#### [Task description]
For the entries that follow, retype exactly the lines from the one containing "Fort Worth Texas" to the one containing "Photo illustration of", inclusive, and only those. Images stay out of the copy.

#### [Given entries]
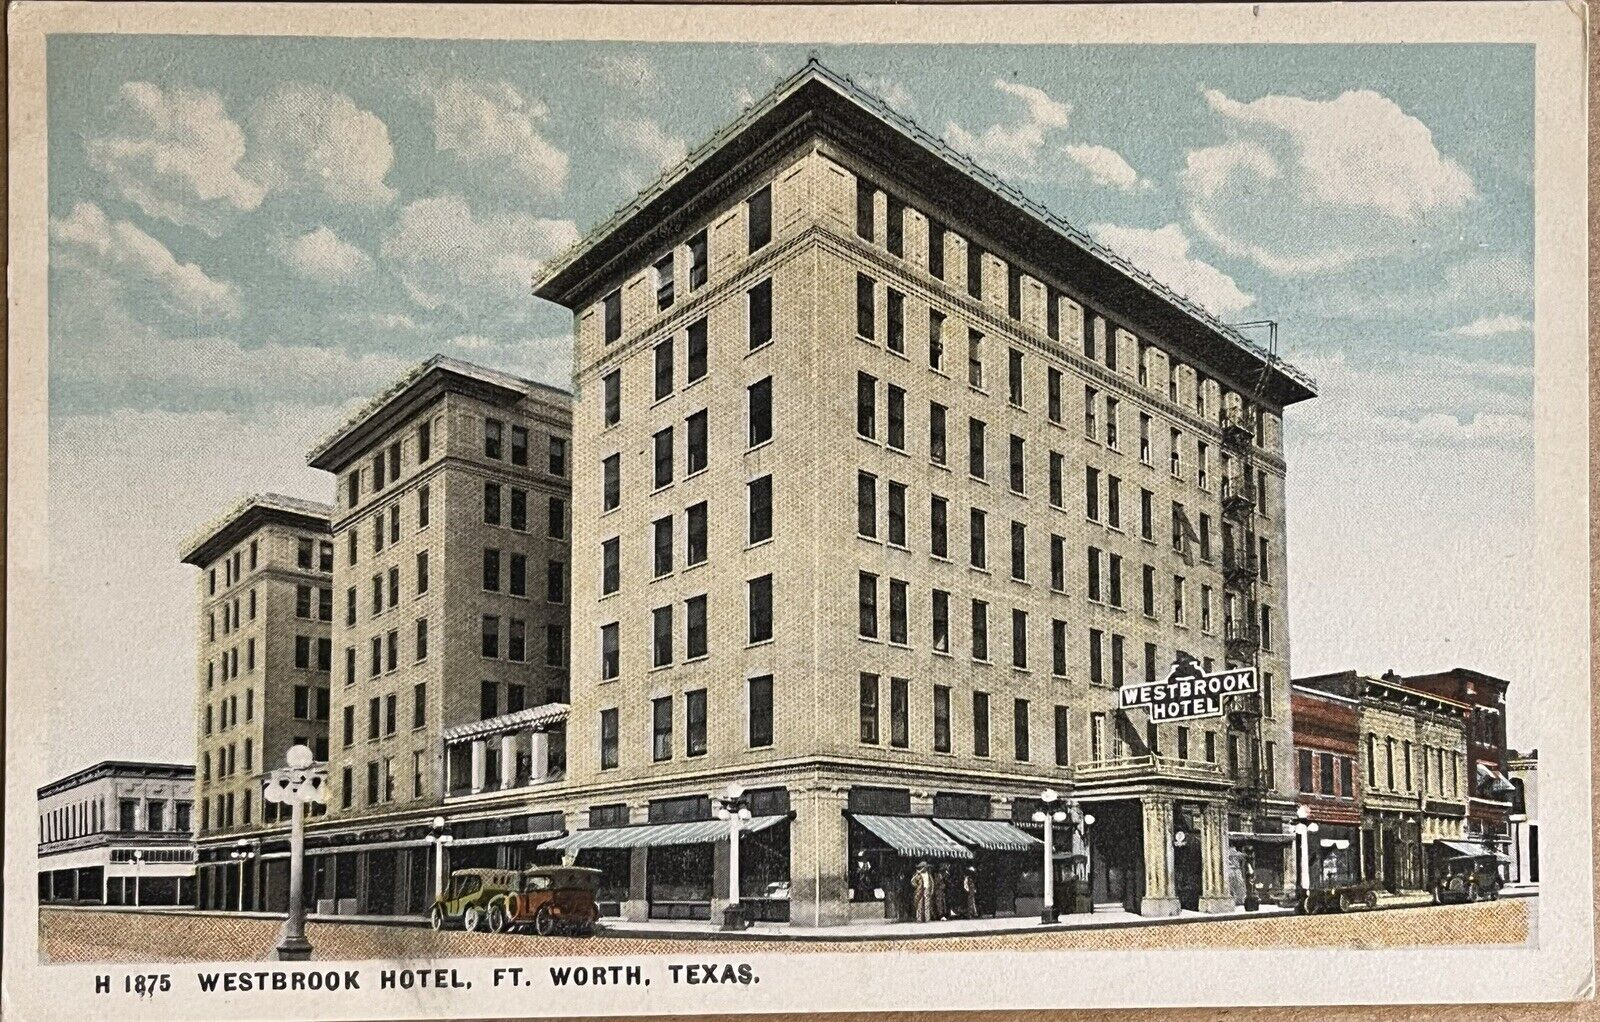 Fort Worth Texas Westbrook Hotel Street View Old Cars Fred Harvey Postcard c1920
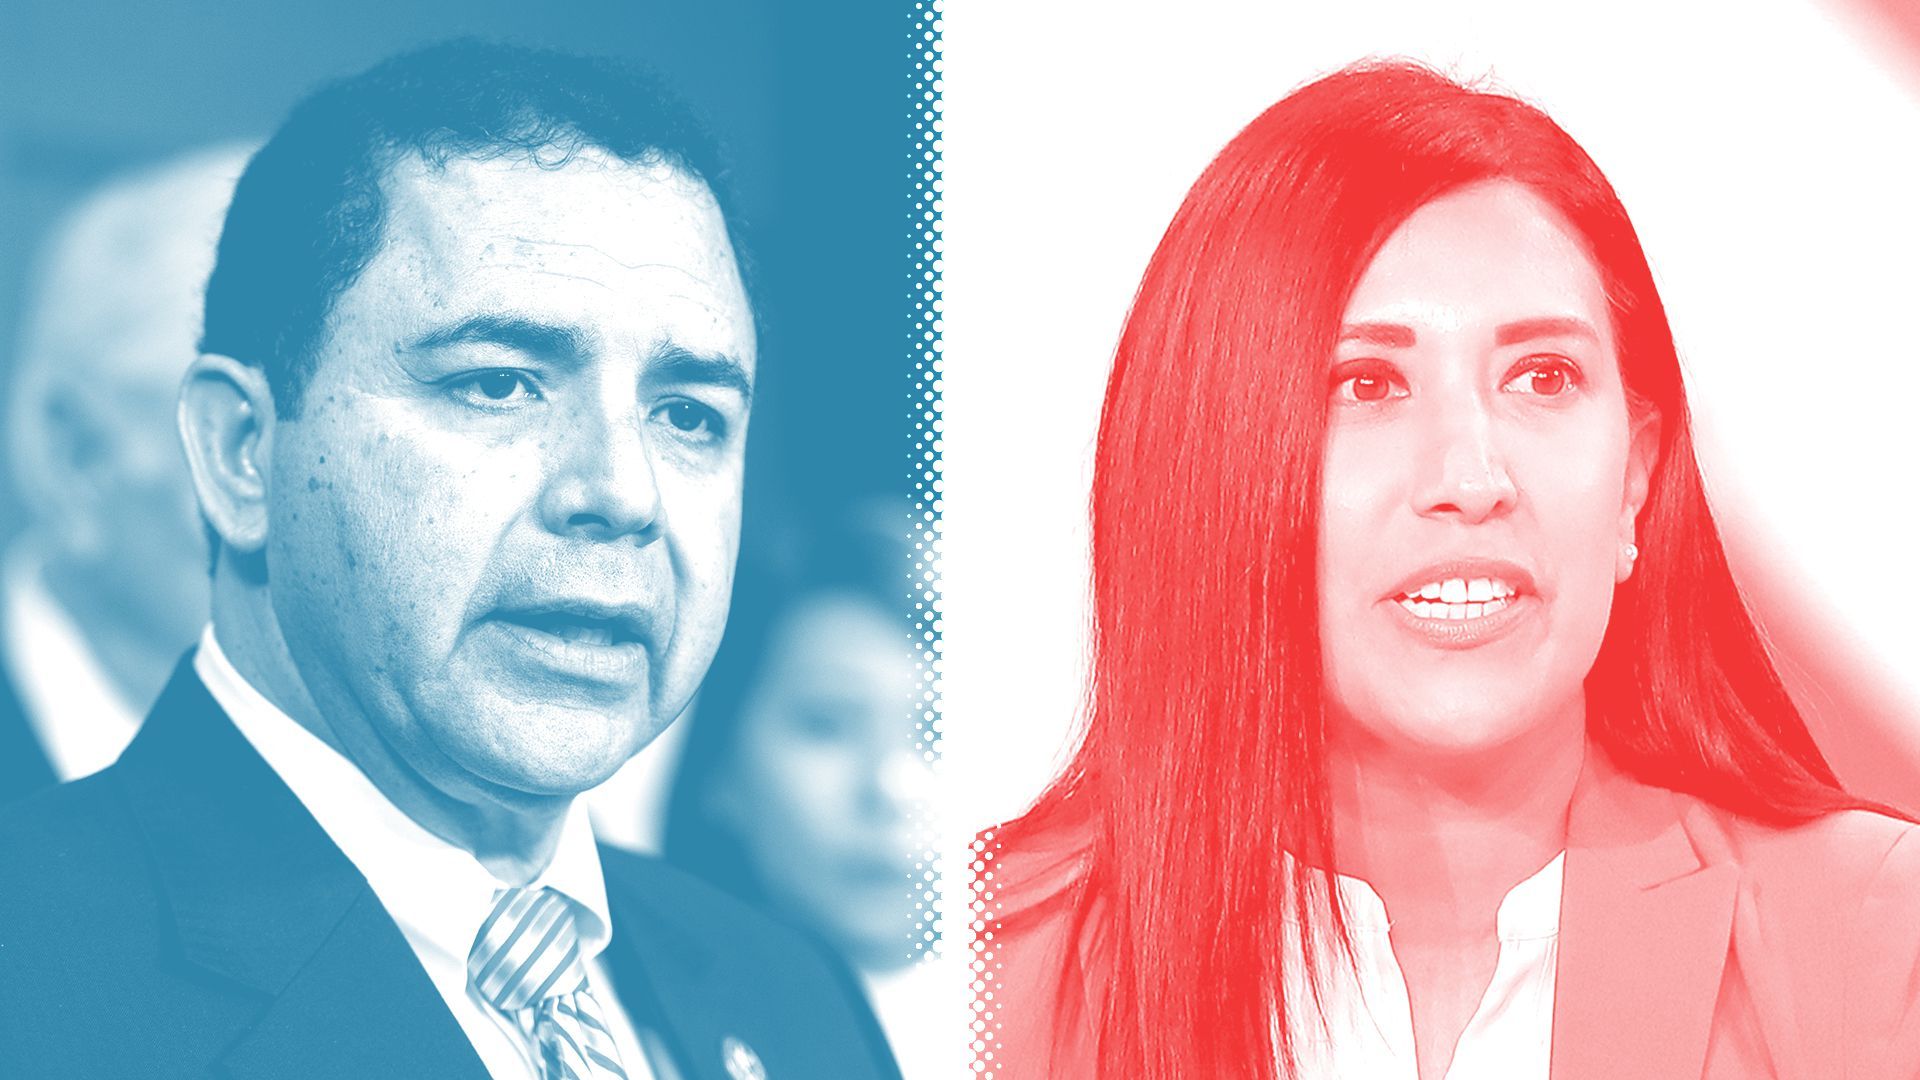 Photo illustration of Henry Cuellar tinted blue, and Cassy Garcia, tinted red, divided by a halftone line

* * *

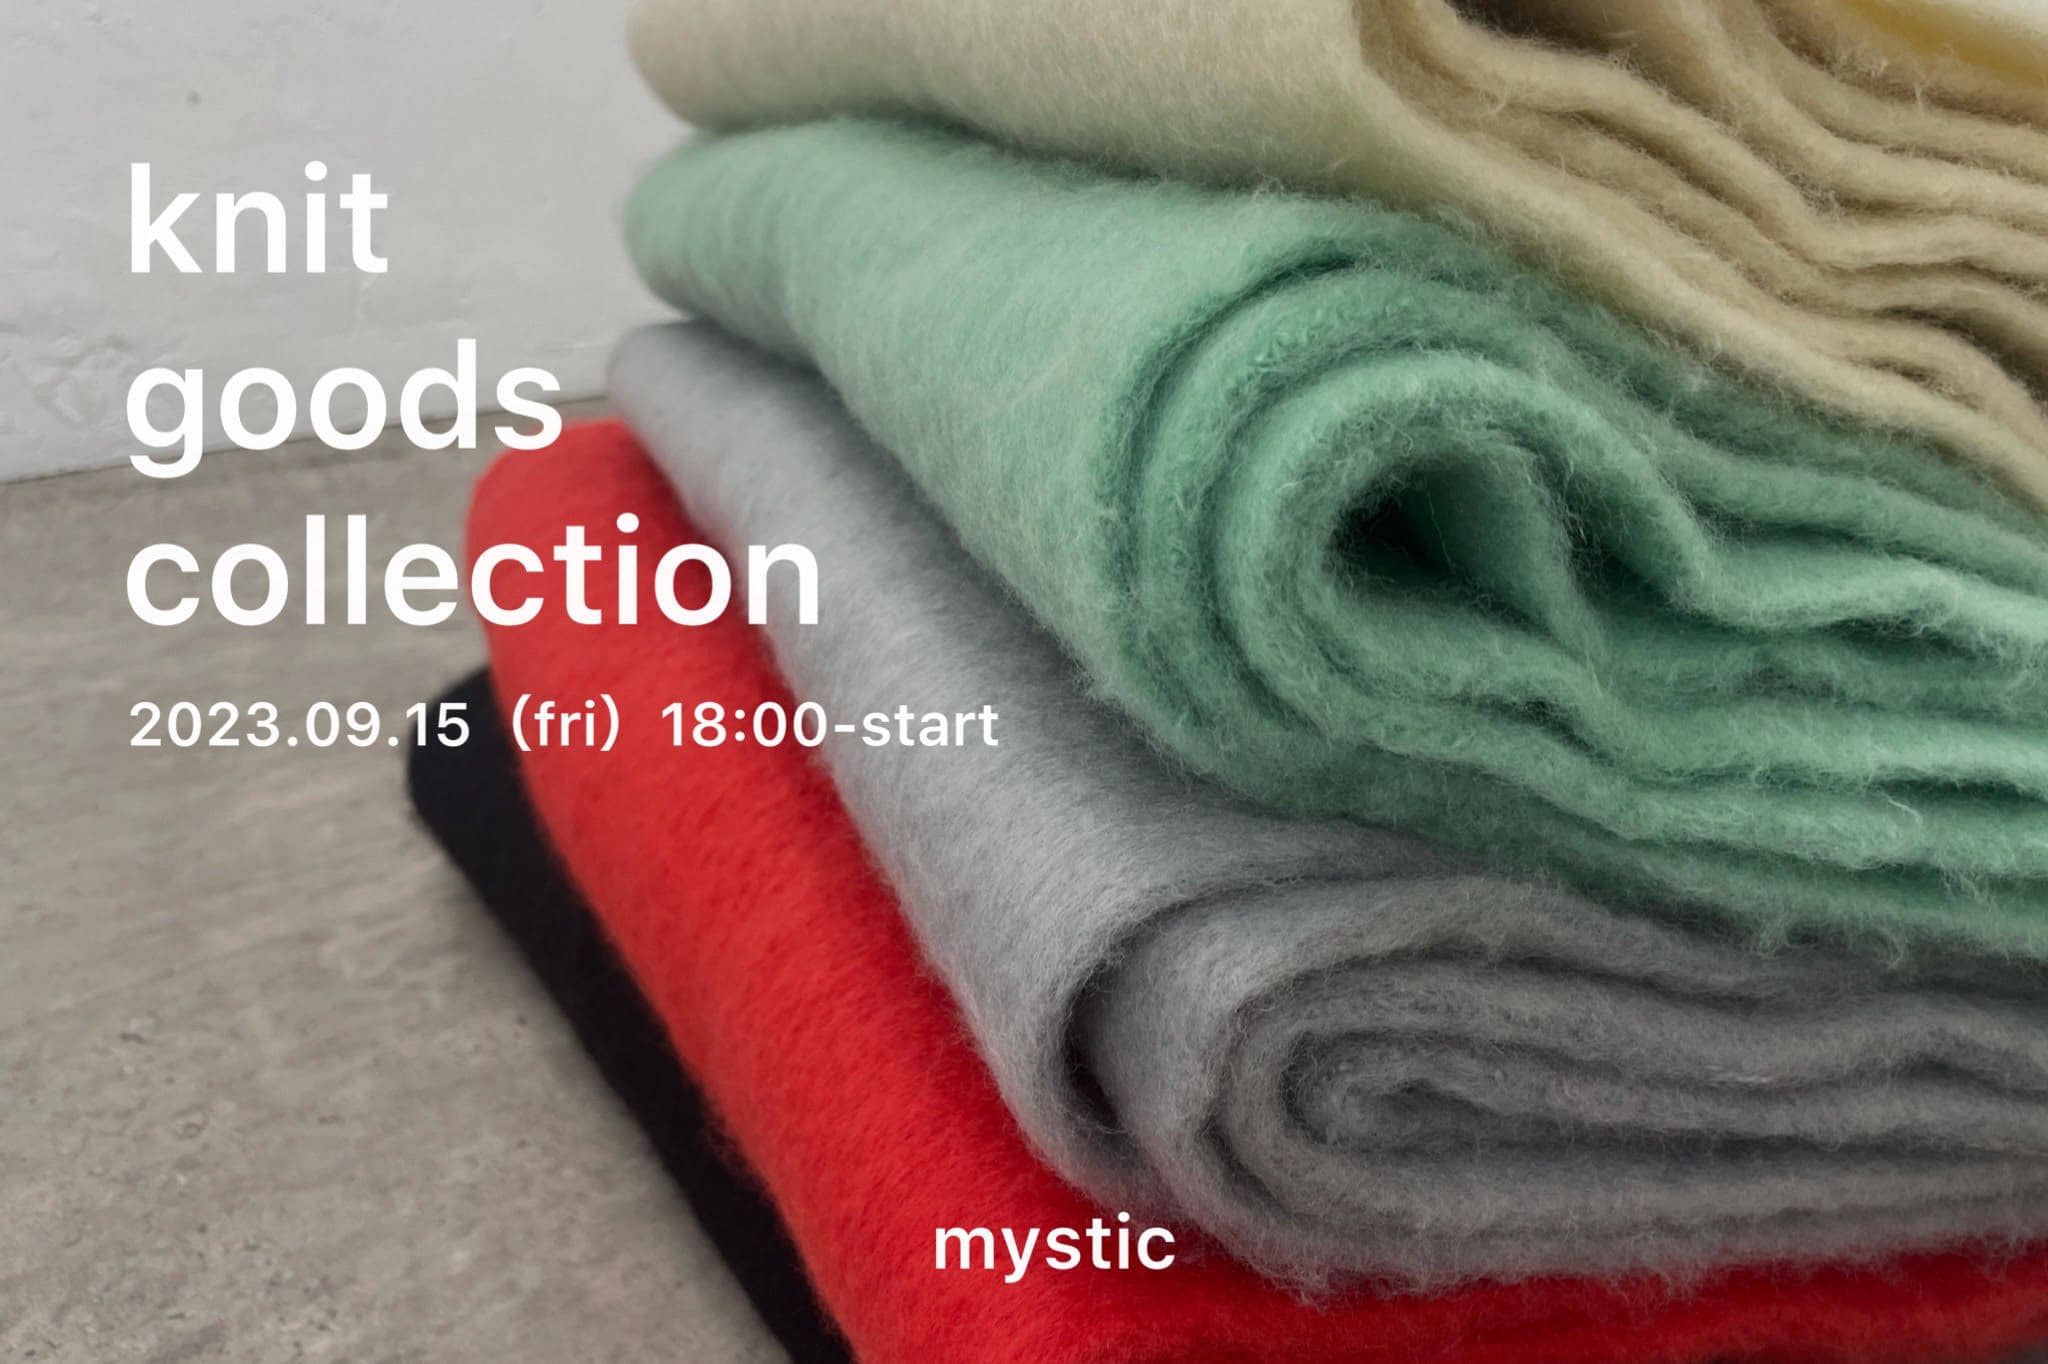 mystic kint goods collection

--

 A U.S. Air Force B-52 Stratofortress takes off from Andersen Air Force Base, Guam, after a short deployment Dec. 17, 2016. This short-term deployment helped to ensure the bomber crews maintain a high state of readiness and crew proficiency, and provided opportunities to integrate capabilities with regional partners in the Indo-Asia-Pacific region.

#### [Written response]
 Fort Worth Texas Westbrook Hotel Street View Old Cars Fred Harvey Postcard c1920
 Photo illustration of Henry Cuellar tinted blue, and Cassy Garcia, tinted red, divided by a halftone line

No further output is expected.